SerDe Library: org.apache.hadoop.hive.serde2.lazy.LazySimpleSerDe

InputFormat: org.apache.hadoop.mapred.TextInputFormat

OutputFormat: org.apache.hadoop.hive.ql.io.IgnoreKeyTextOutputFormat

Compressed: No

Num Buckets:-1

Bucket Columns: []

Sort Columns: []

Storage Desc Params:

Field.delim

Serialization.format

Obviously, this table is an Hive compatibility table, or is_generic=false.

Use FlinkSQLCli to write a piece of data to the table:

Flink SQL > insert into hive_dialect_tbl select 1

We can also manipulate the table in the Cli of Hive

Hive (default) > select * from hive_dialect_tbl

Hive (default) > insert into hive_dialect_tbl select 2

Here are some considerations for using the Hive dialect.

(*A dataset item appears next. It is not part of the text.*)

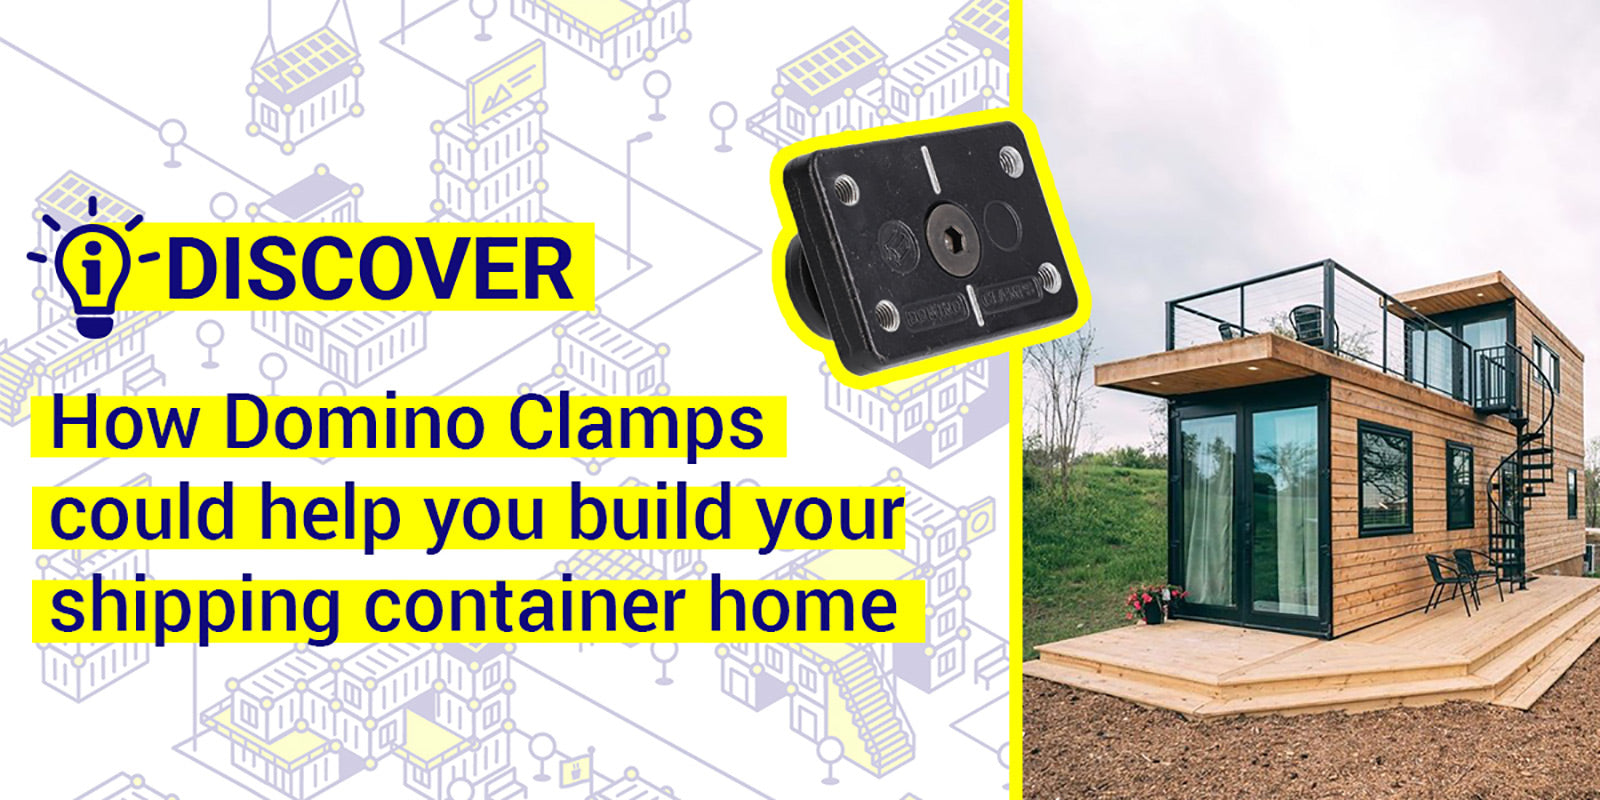 How Domino Clamps could help you build your shipping container home

Hive dialect can only be used to manipulate Hive tables, not regular tables. The Hive dialect should be used with HiveCatalog. Although all versions of Hive support the same syntax, whether there is a specific feature depends on the version of Hive used. For example, updating database locations is supported only in Hive-2.4.0 or later. Hive and Calcite have different reserved keywords. For example, default is a reserved keyword in Calcite and an unreserved keyword in Hive. Therefore, when using Hive dialect, such keywords must be referenced in backquotes (`) before they can be used as identifiers. Views created in Flink cannot be queried in Hive.

Of course, once Hive dialect is enabled, we can process Hive data in Flink in the same way as Hive. The specific operation is the same as Hive, which will not be discussed in detail in this article.

Thank you for your reading, the above is the content of "how to use Hive Catalog", after the study of this article, I believe you have a deeper understanding of how to use Hive Catalog, and the specific use needs to be verified in practice. Here is, the editor will push for you more related knowledge points of the article, welcome to follow!

Welcome to subscribe "Shulou Technology Information " to get latest news, interesting things and hot topics in the IT industry, and controls the hottest and latest Internet news, technology news and IT industry trends.

*The comments in the above article only represent the author's personal views and do not represent the views and positions of this website. If you have more insights, please feel free to contribute and share.